Owen Thomas – Languages. {Or: Get Dark & Find Yourself.}
November 27, 2012

All of us here, we have one thing in common:  we love heartbreak, and we’re consistently conflicted.  We watch Titanic and scream for Rose not to let Jack’s hand go.  We hold our breath for Dean and Cynthia in Blue Valentine, even though in the back of our minds, we want to see them crash and burn.  We prowl around on Facebook like animals under the cover of darkness, searching for the latest busted relationship.  We’re in love with broken love, because we can all relate to it in some way, shape, or form.  I don’t care if you’re married.  I don’t care if you’re single.  I don’t care what your relationship status is on a scale of one to ten – you hear a heartbreaker come on the radio, and you’re hooked.  Owen Thomas did us all a great service last year with his first solo release since the demise of his phenomenal rock band, The Elms.  This man has been through the hellfire in his relationship – and he wins the award for the most vulnerable, heart-on-your-sleeve record of the year.  I wouldn’t have wished this dark place on him, but all the same, if we got this record out of it all, maybe somehow…it was worth it.  Like Stereophonics said, “you gotta go there to come back”.

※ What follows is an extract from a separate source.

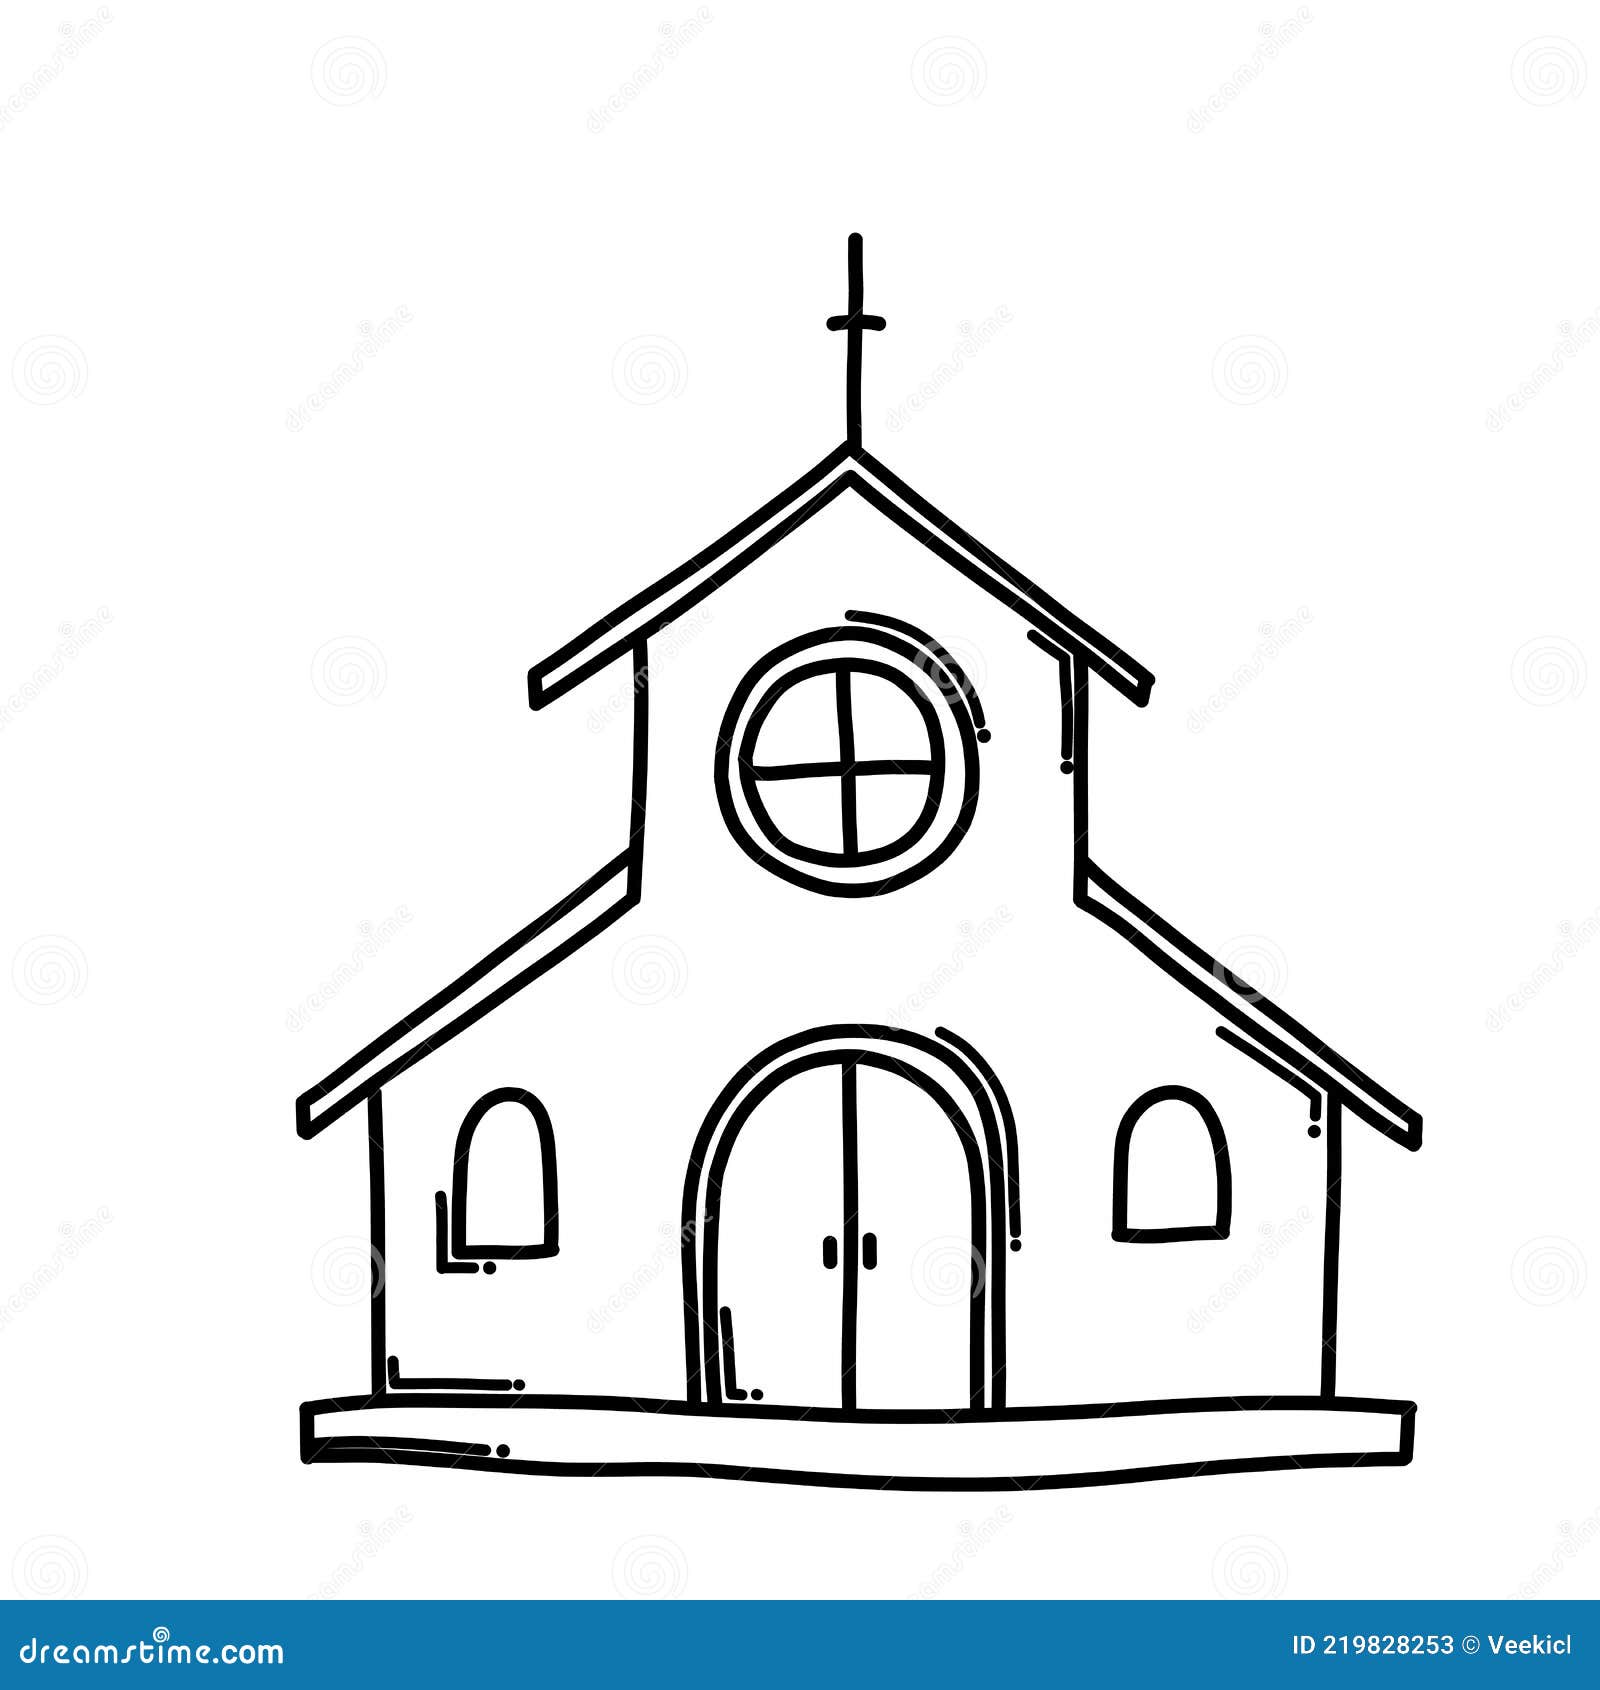 How to draw simple Church drawing for kids - part 61 - YouTube

There is not even a hint of a commercial push on these tracks.  What we have is a songwriter with a broken heart, who sat down and wrote exactly what he was feeling.  However, unlike Jack White, Owen has a sense of hope and purpose, and doesn’t let bitterness play its final hand.  This doesn’t rock like The Elms – most of these tracks fall somewhere in the middle of a ballad and a pop-rocker, with a full dose of the Midwest thrown in, and even a touch of lo-fi production.  This is completely acceptable; he fits this style well.  However, that isn’t to say the musical energy isn’t there.  Leading off with Houdini and I Don’t Miss Carin’, this man certainly knows how to write a catchy pop tune, as he’s proven time and time again.  Great as the music is, the lyrics here are the clear star and are absolutely undeniable, chronicling the various emotions that the demise of his relationship has taken him through.  If you’re looking for the heartbreak ballads, look no further than the standouts of Factors or Take It Easy, Demons – or the absolute humbleness (and desperation) of Tremble.  His wordplay is fantastic, and while these songs are heart-wrenching, they’re without a doubt beautiful.  If you like your artists transparent, you’ll want for nothing further.


If you had to listen to two tracks:  You couldn’t do it; you’d end up listening to all of them, as you should.